“Practical ideals and artistic ideals are as foreign to each other as black is to white. They are of equal value (in their proper places) in their relations to life and living. But if a boy is naturally gifted with the ‘artistic ideal,’ be it in either art, music or writing, he should be guided into it, placed into its atmosphere unhampered by too much practicality; the latter will come from necessity."—American illustrator and painter N.C. Wyeth (1882-1945), letter to his father, Andrew Newell Wyeth II, July 30, 1906, in The Wyeths: Letters of N.C. Wyeth, 1901-1945, Second Edition, edited by Betsy James Wyeth (2008)
Wyeth, the
patriarch of a great family of painters, knew all too well the tug between
practical and artistic ideals.
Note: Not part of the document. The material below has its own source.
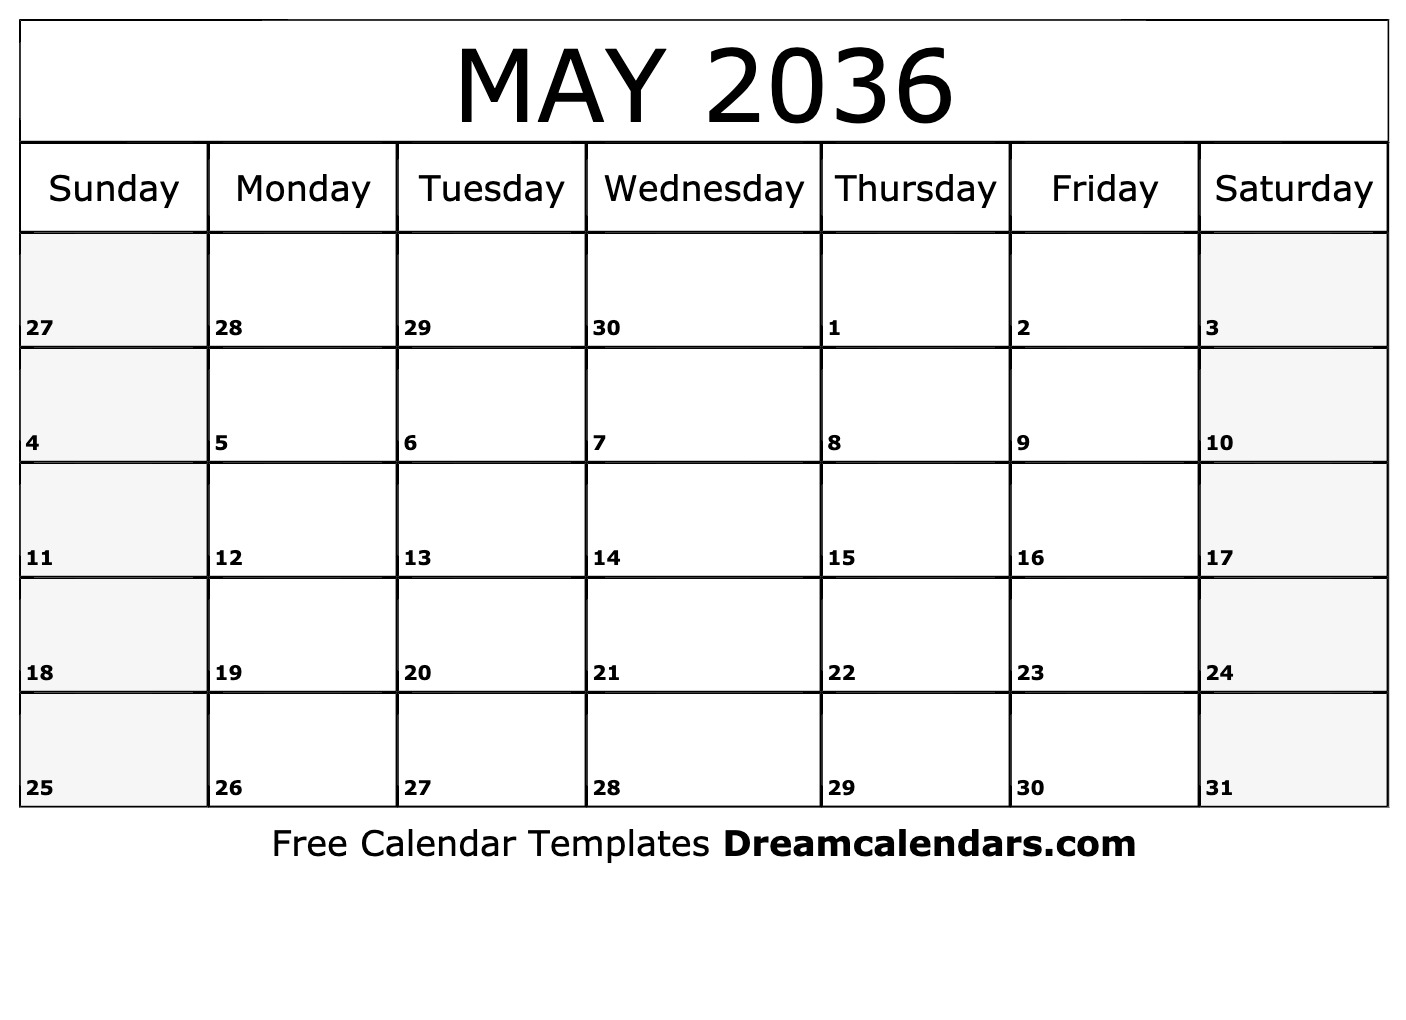 Yearly Calendar Template 2036

As I discussed in this prior post about his death, he was afflicted towards the end of his life with “melancholy and
self-doubt over an inability to be taken seriously as a producer of fine
paintings rather than of popular commercial art”—the illustrations he created
for classics by the likes of Robert Louis Stevenson, James Fenimore Cooper, and
Jules Verne for which he is still best known.
In some
way, many artists, writers, and musicians who’ve achieved popularity have
struggled with the same aspiration for higher achievement that Wyeth did.